Figure 2: Future smart lighting systems will use artificial intelligence to mimic human behavior and learn how to operate autonomously
The adoption of artificial intelligence in lighting systems
Today, various industries are actively adopting AI, with banking, retail, automotive and healthcare being the first to adopt AI in their respective fields. Clearly, while AI will be ubiquitous, it will not be adopted at the same pace across industries. Over time, the knowledge and lessons learned in these areas will benefit industrial applications.

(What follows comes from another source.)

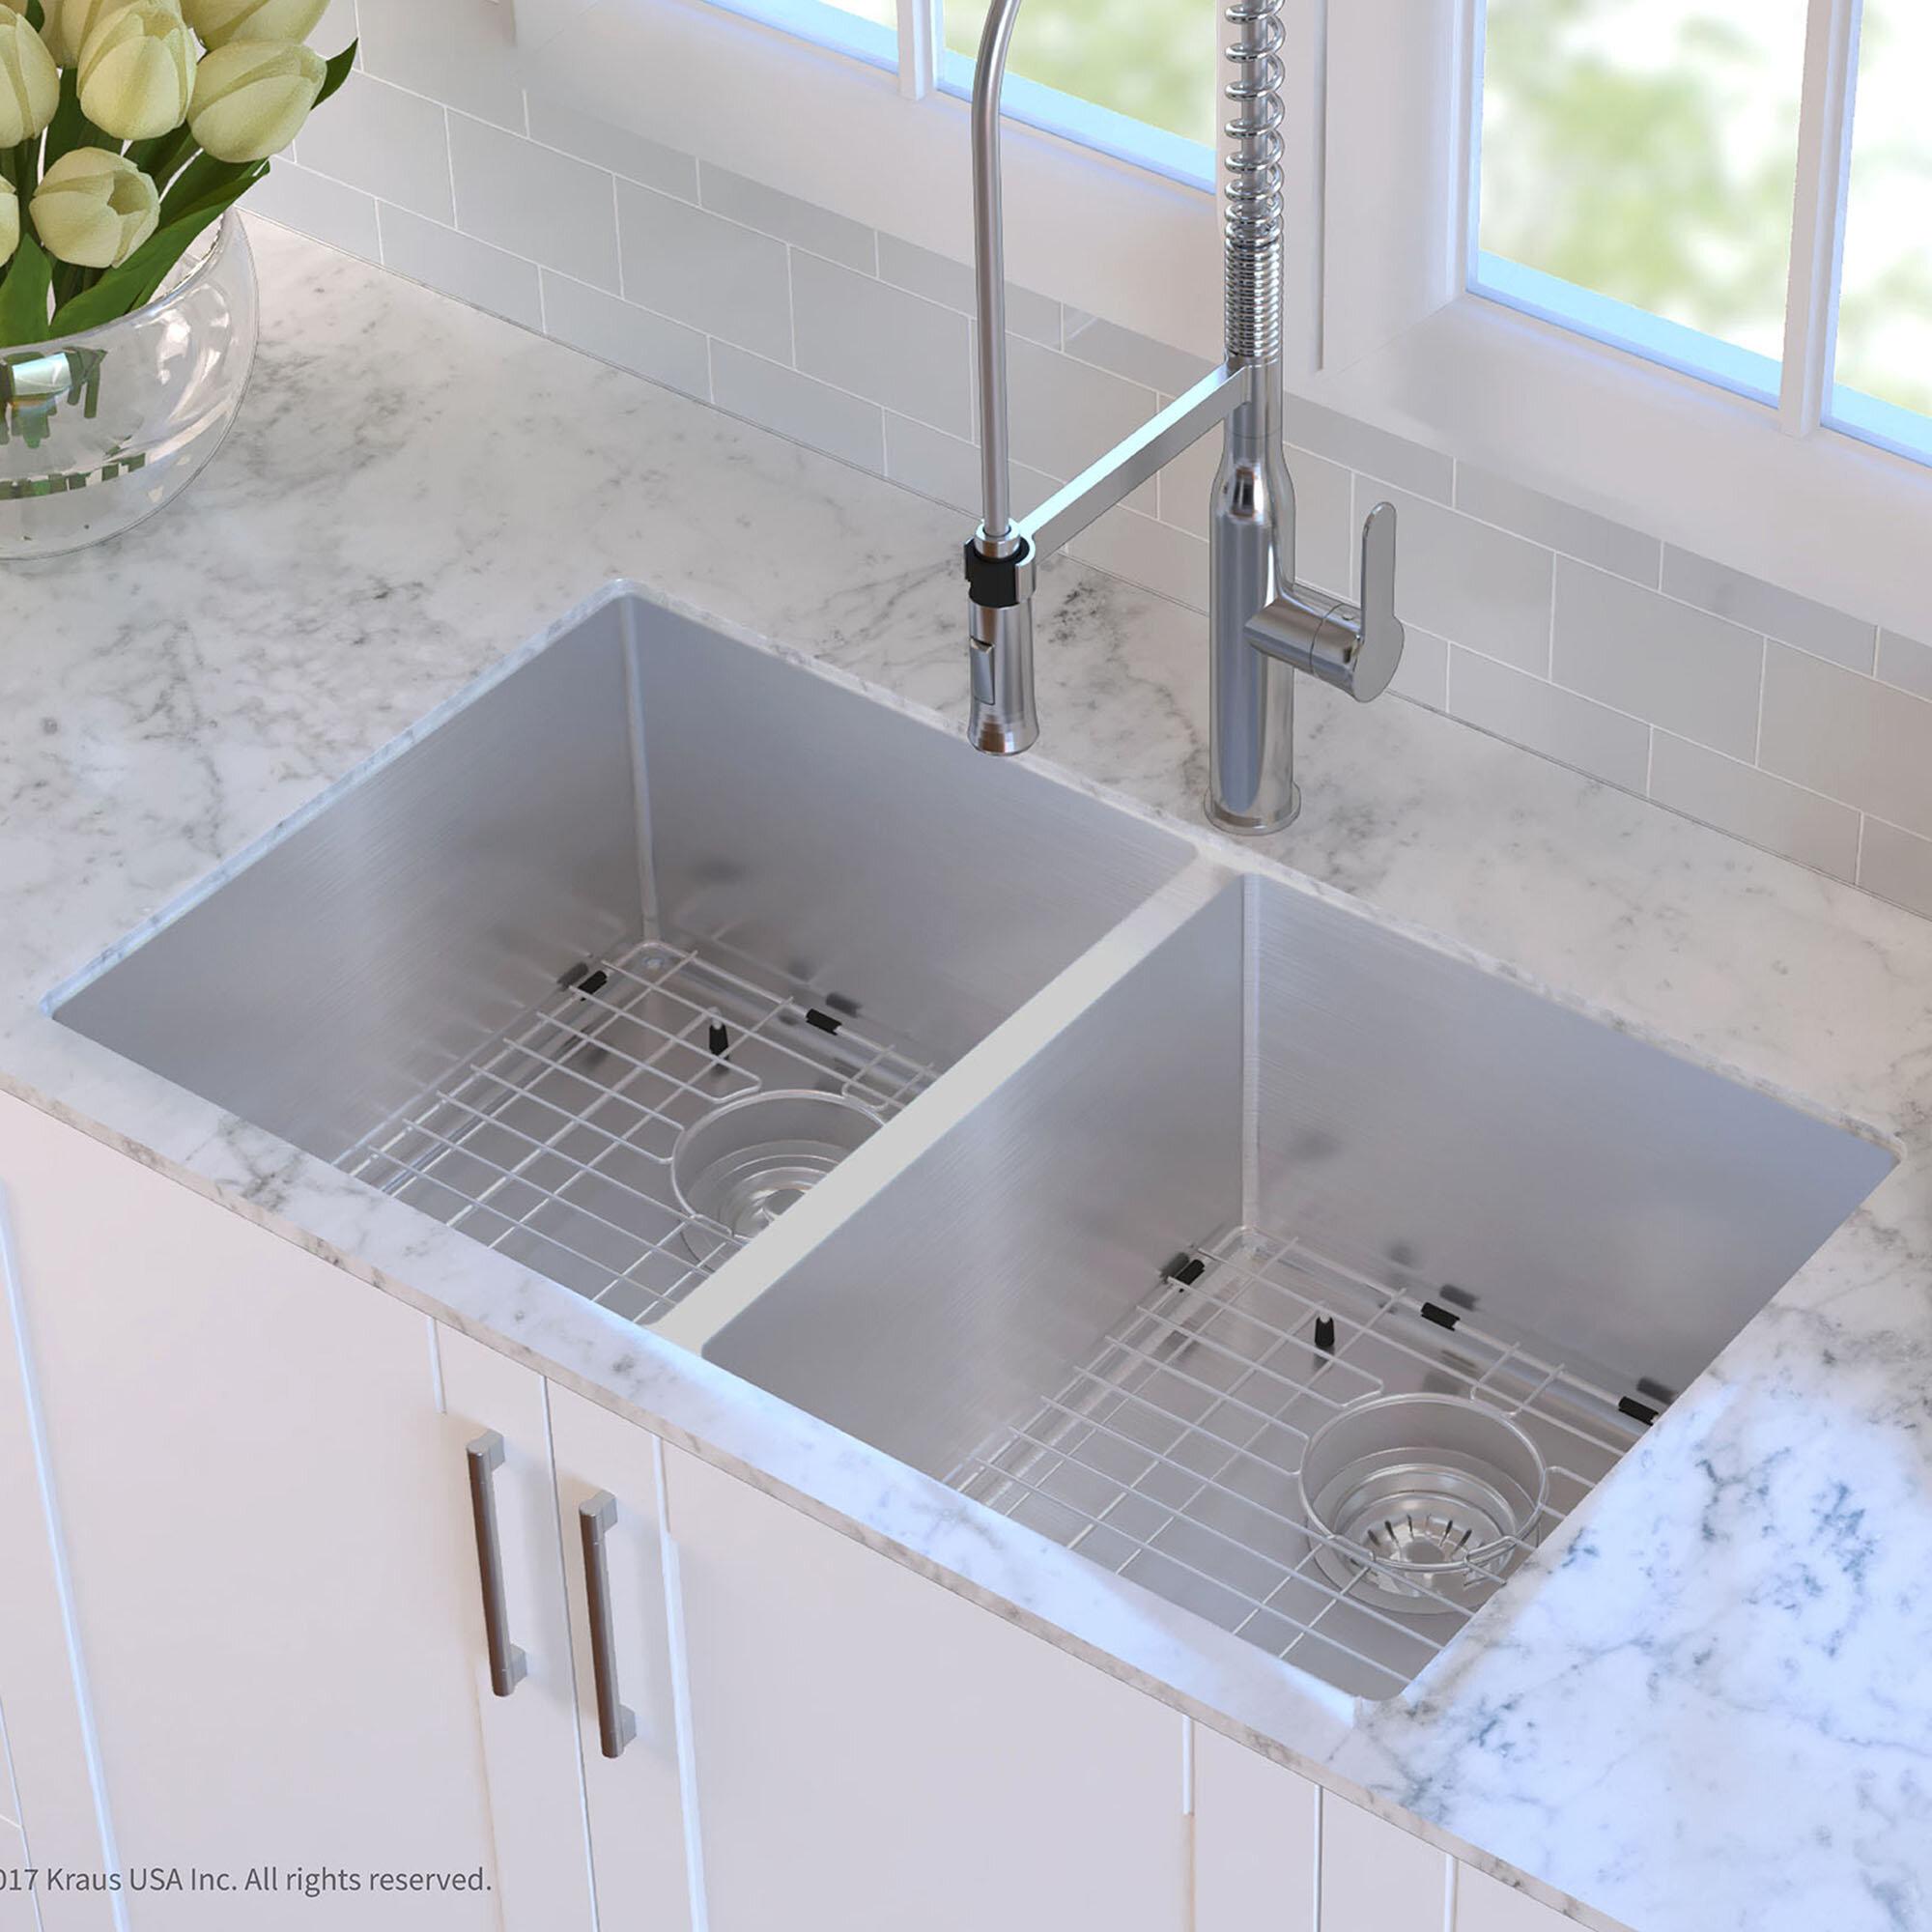 kraus 33   x 19   double basin undermount kitchen sink with drain assembly  u0026 reviews   wayfair kraus 33   x 19   double basin undermount kitchen sink with drain      rh   wayfair com

The field of industrial control, including smart lighting, covers an enormous breadth and scope. If an organization has a unique understanding of smart lighting controls and automation parameters, it will adopt AI faster than those that delegate this responsibility to an outside company. Implementing AI and machine learning is easier for organizations that understand how learning algorithms can solve challenges and achieve goals from the start. If there is an understanding of the limitations and interrelationships of existing systems, it will undoubtedly help to identify specific areas in which artificial intelligence needs to be focused and applied in building lighting control and automation solutions. By tailoring AI, organizations can solve problems they want to control and automate in specific application areas. AI is a versatile tool that, like a handyman with a plethora of sophisticated tools, can handle a wide variety of contexts and applications.
Activities in the industrial sector are diverse, and common advanced features with high return on investment (ROI) will be the main market entry points. The first areas to adopt AI in large numbers are likely to be those that require significant investment in physical safety, overall security, and risk prevention. Secondly, for industrial applications that can be quickly adapted to various uses with a little modification, the application of artificial intelligence is also a logical thing. There is no doubt that any organization should do research and develop a strategy on how AI can improve efficiency right now.